YOUR ASSIGNMENT
Pictures aside, every line of the listing should be given again exactly.
── SUPPLIED MATERIAL
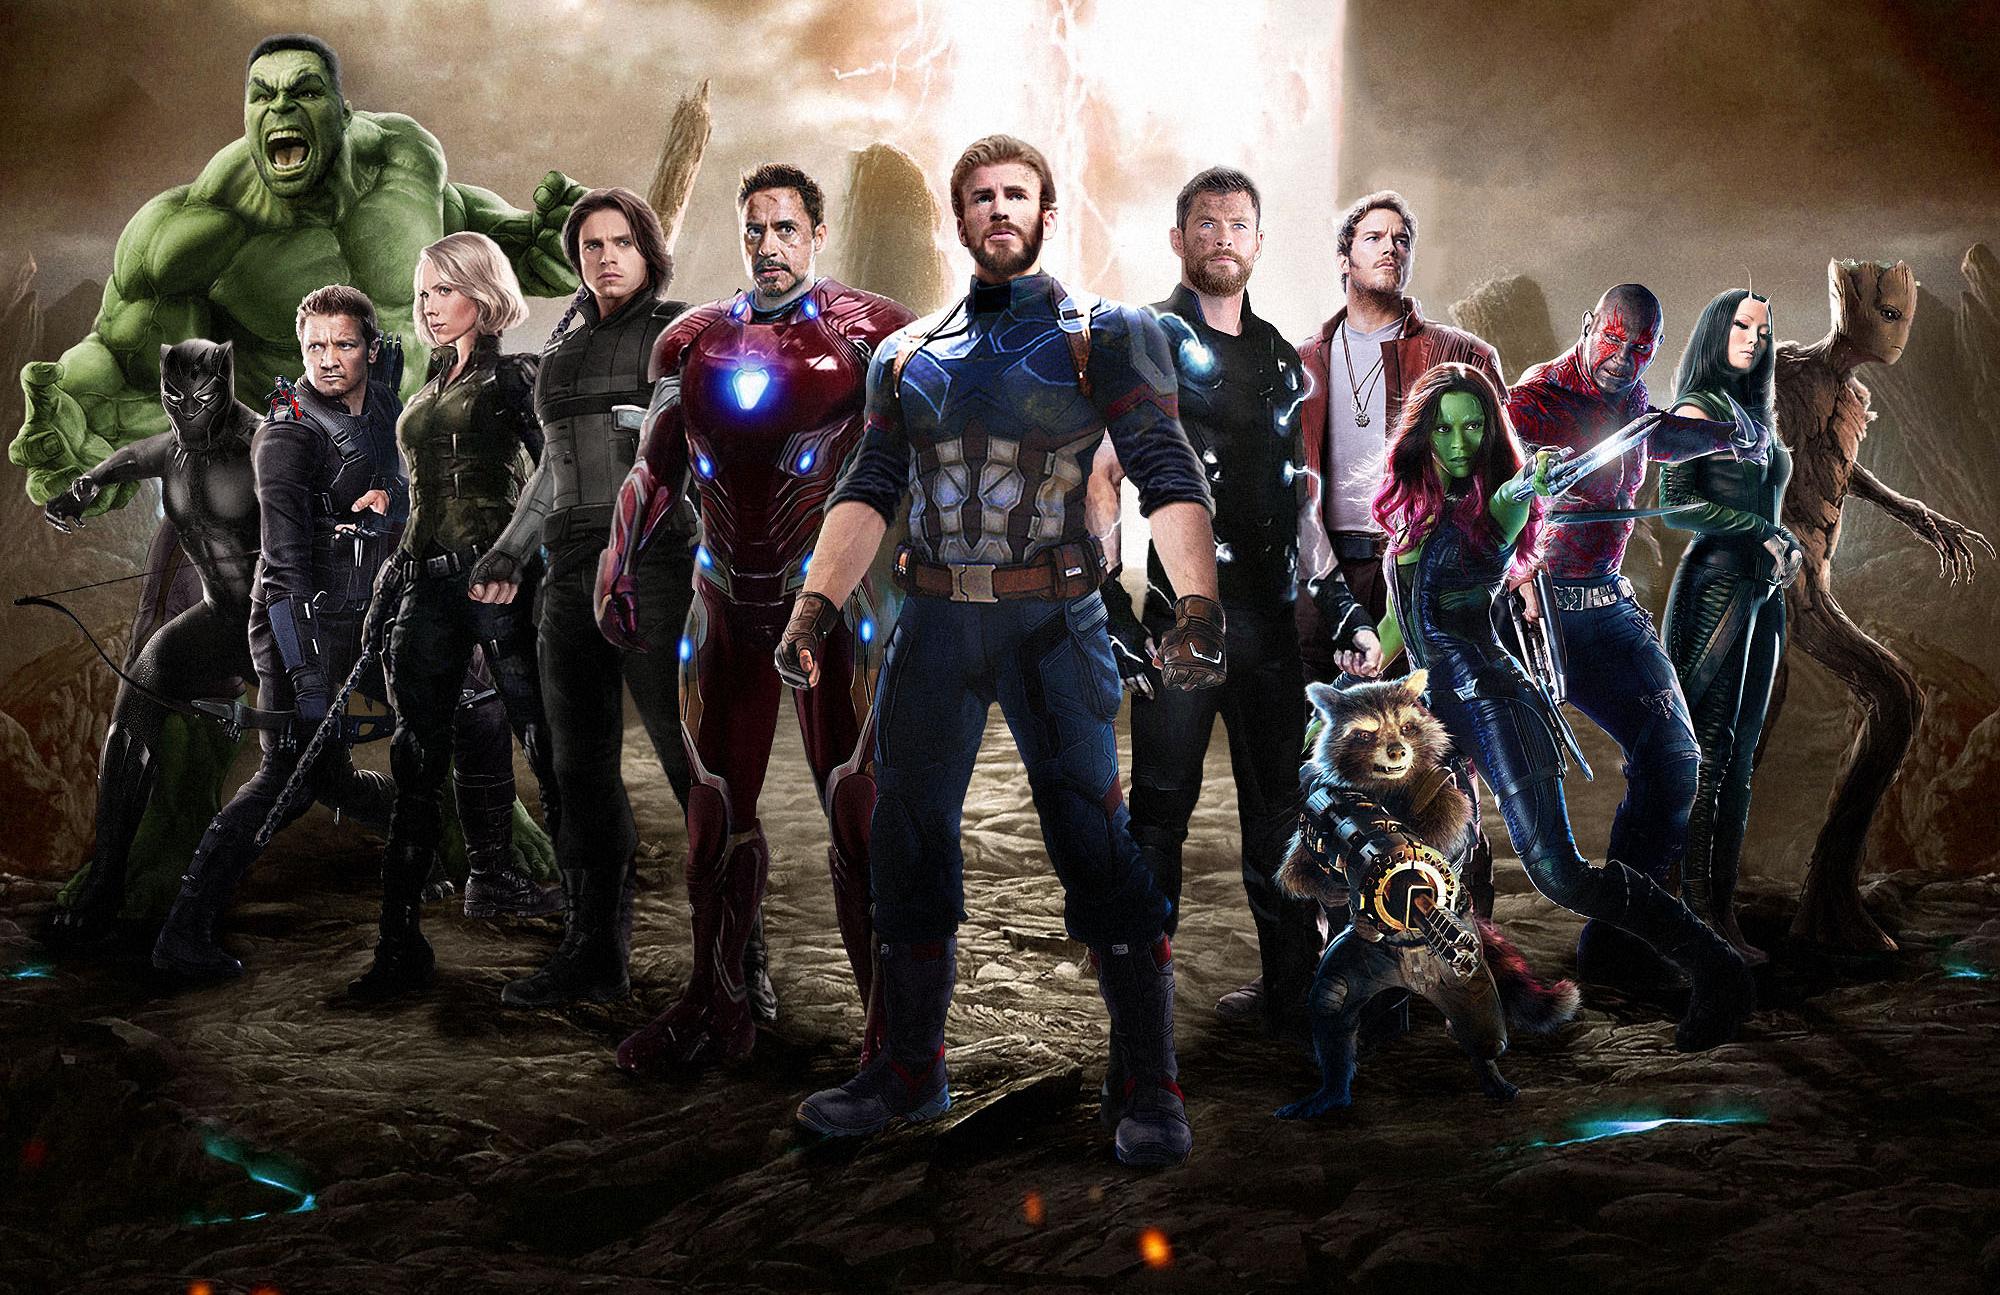 Avengers Infinity War 2018 Movie Fan Art
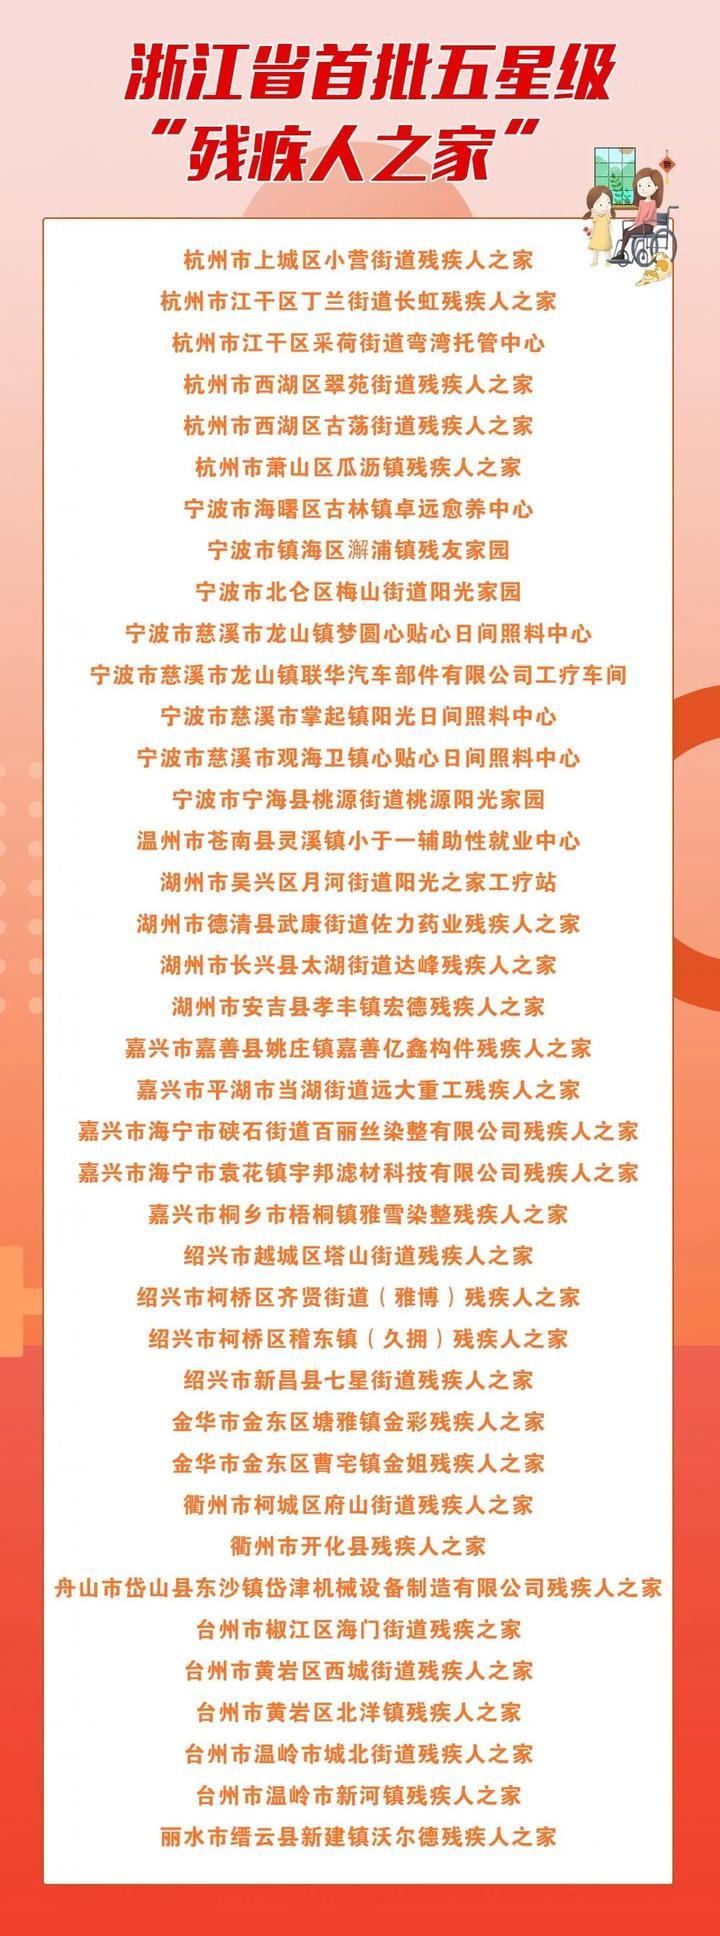 【浙江榜单】2020年浙江省第一批五星级残疾人之家名单(39家)
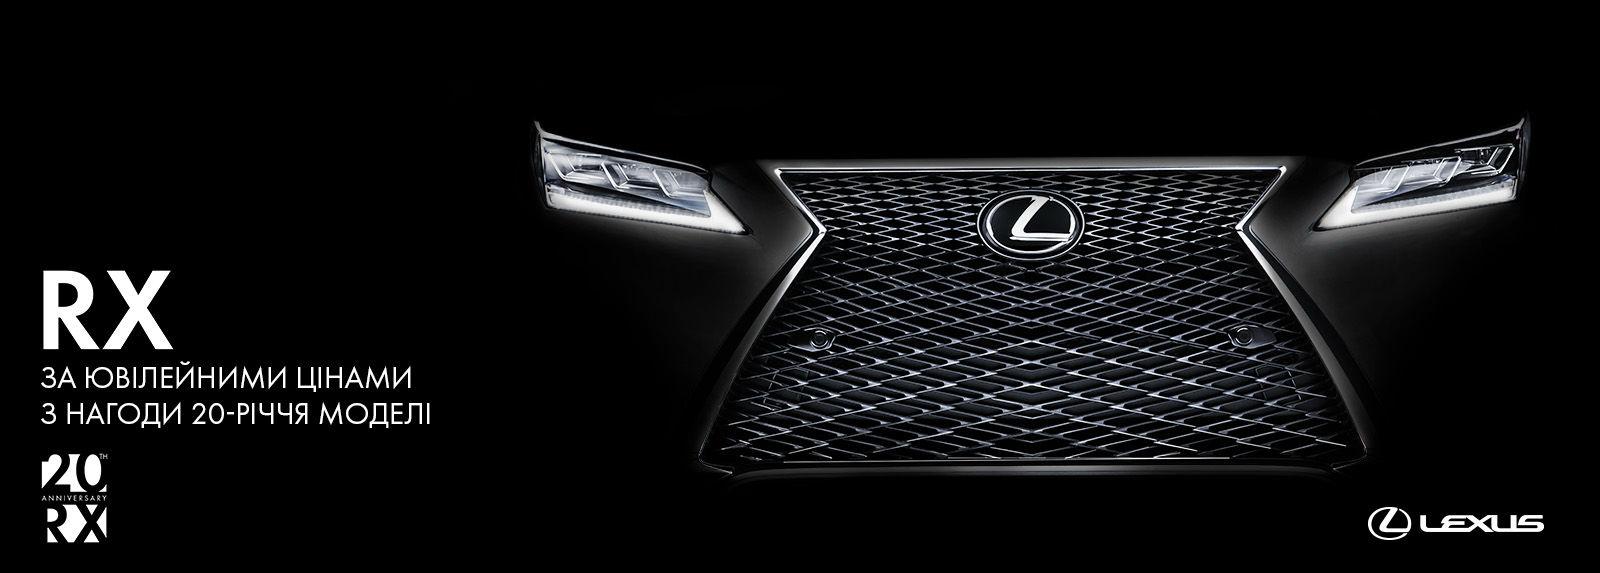 Ювілейні ціни Lexus RX
────
FINISHED TASK
 Avengers Infinity War 2018 Movie Fan Art
 【浙江榜单】2020年浙江省第一批五星级残疾人之家名单(39家)
 Ювілейні ціни Lexus RX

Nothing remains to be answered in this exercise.